Omitting all pictures, print the lines of the listing from the one containing "Current equalizing structure" through the final line, both ends included, with no other text.

§ **Given material**:
════════
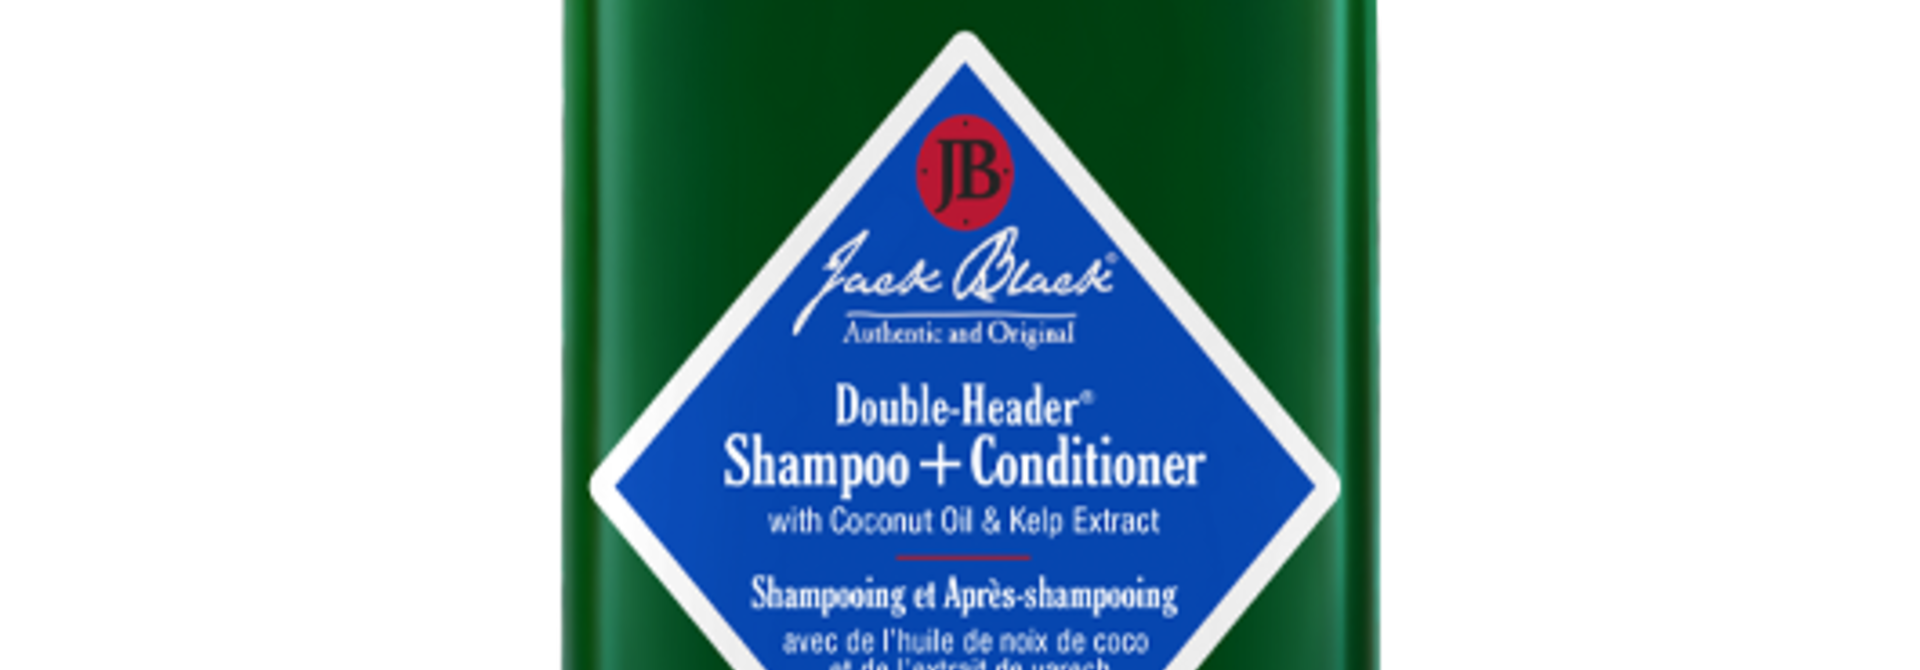 Double-Header Shampoo & Conditioner | The Hair Care Collection
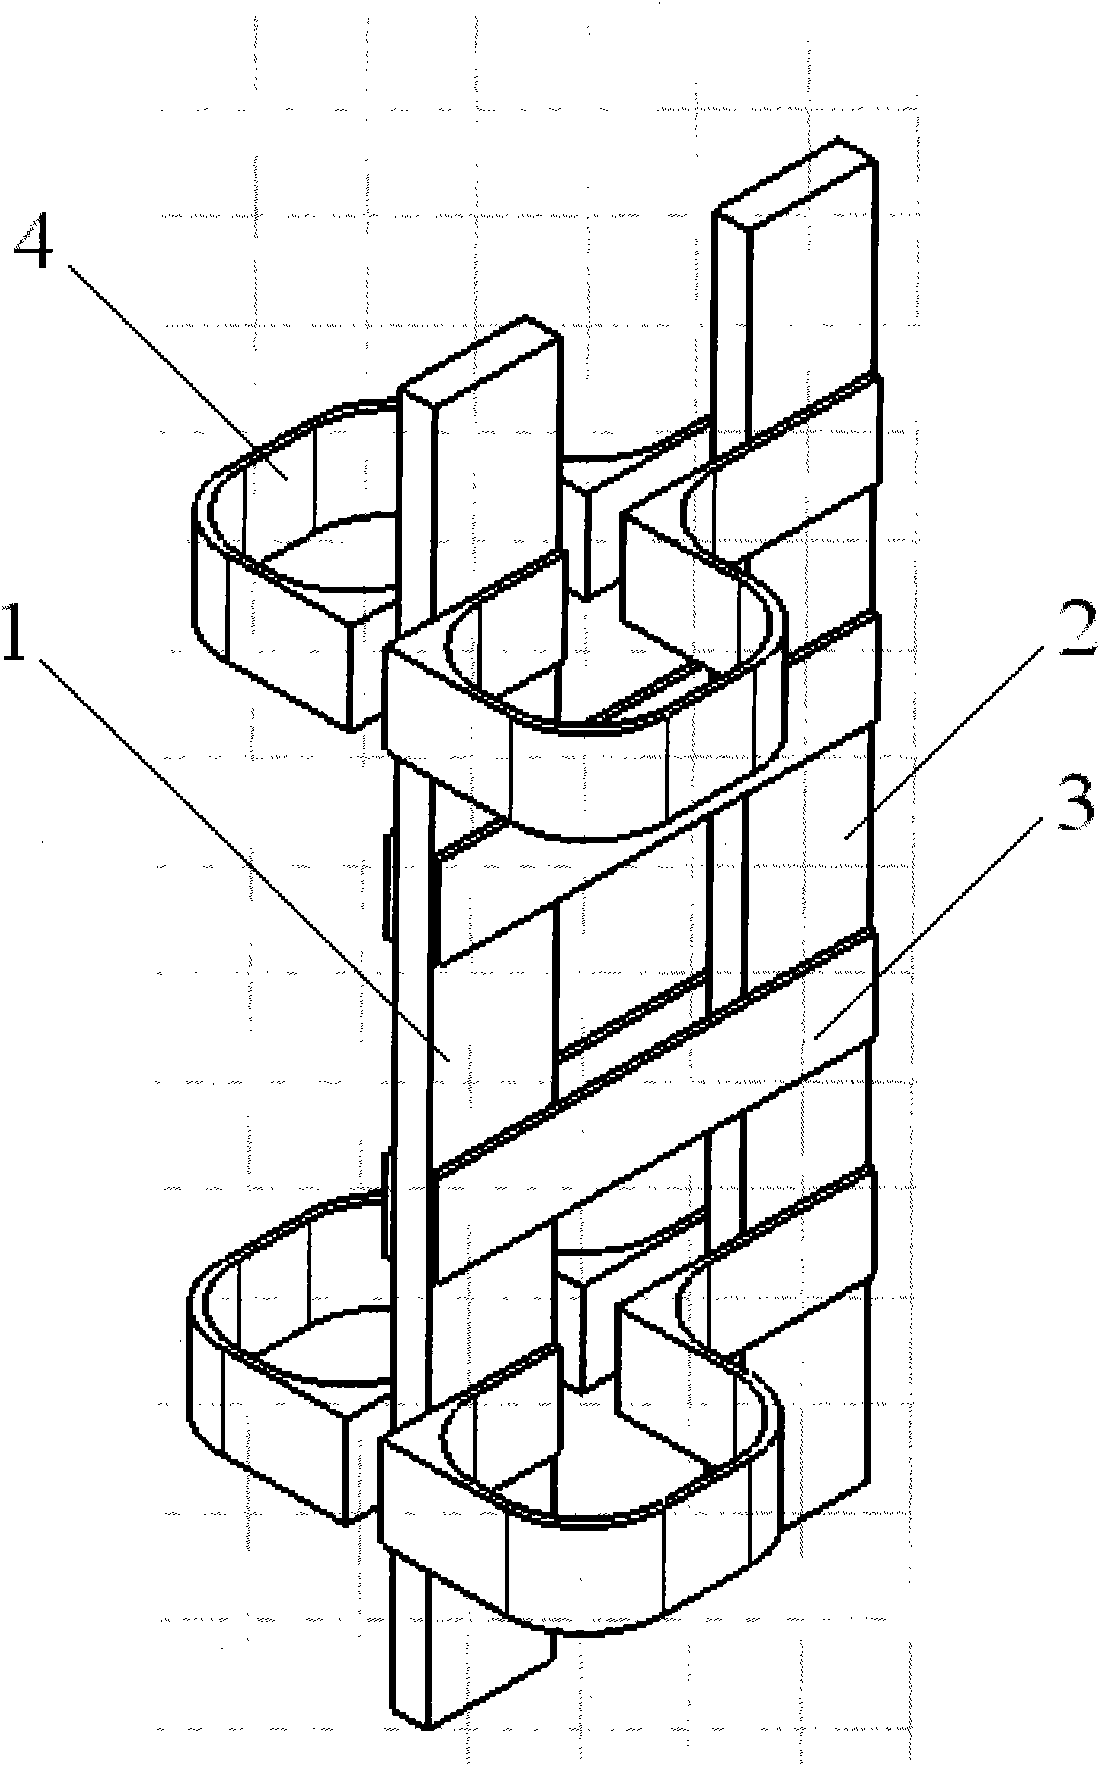 Current equalizing structure of high-current rectifier bridge arm
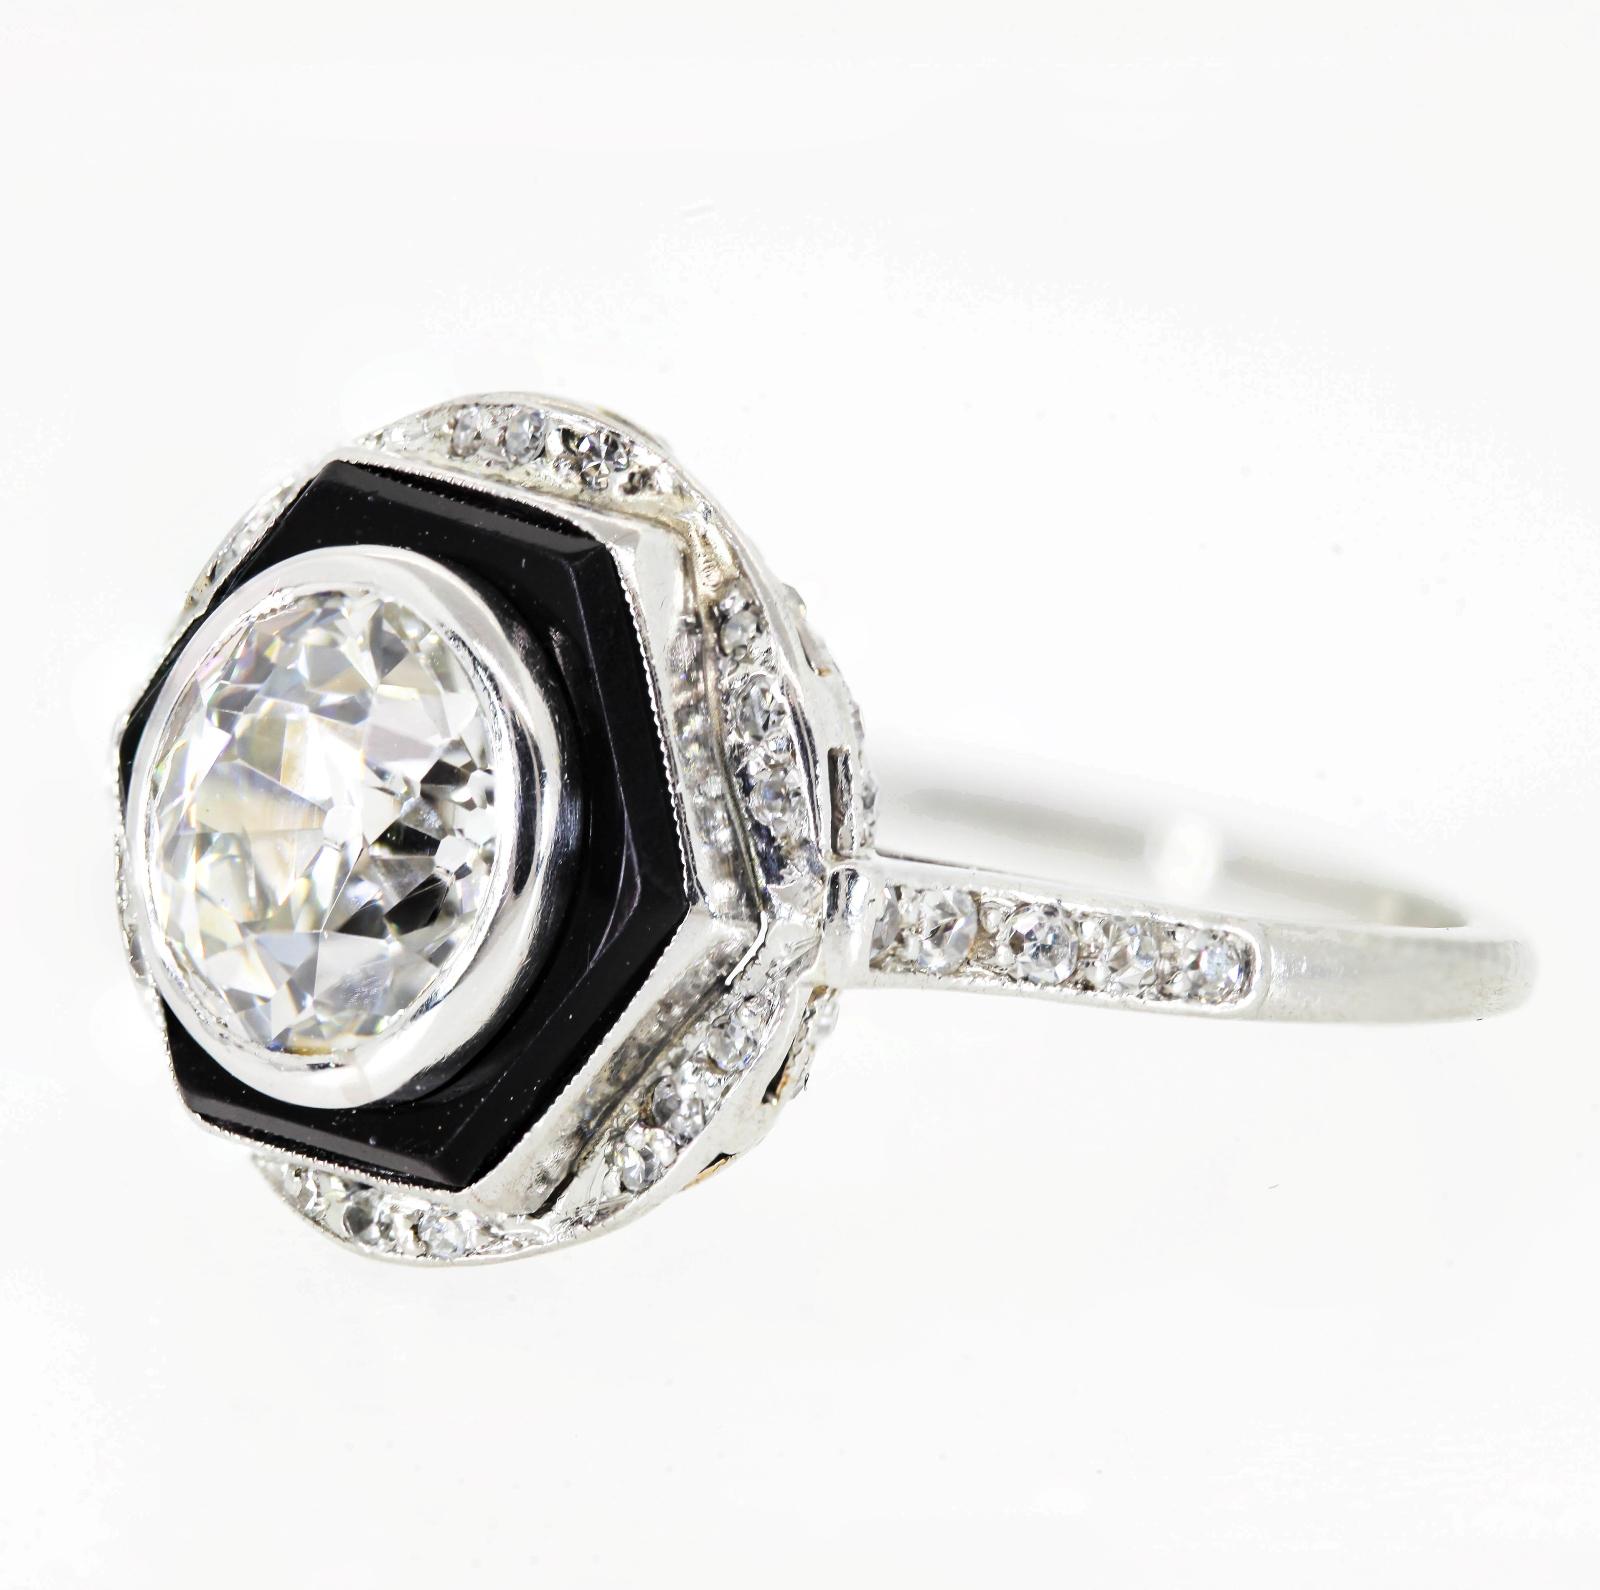 Hand created of platinum in the 1930s, this one of a kind beauty centers a sparkling 1.65 carat Old European cut Diamond - I/J color - SI1 clarity.  The diamond is surrounded by a hexagonal Onyx disc, making a stunning contrast to the white diamond.
════════
§ **Solution for this task**:
 Current equalizing structure of high-current rectifier bridge arm
 Hand created of platinum in the 1930s, this one of a kind beauty centers a sparkling 1.65 carat Old European cut Diamond - I/J color - SI1 clarity.  The diamond is surrounded by a hexagonal Onyx disc, making a stunning contrast to the white diamond.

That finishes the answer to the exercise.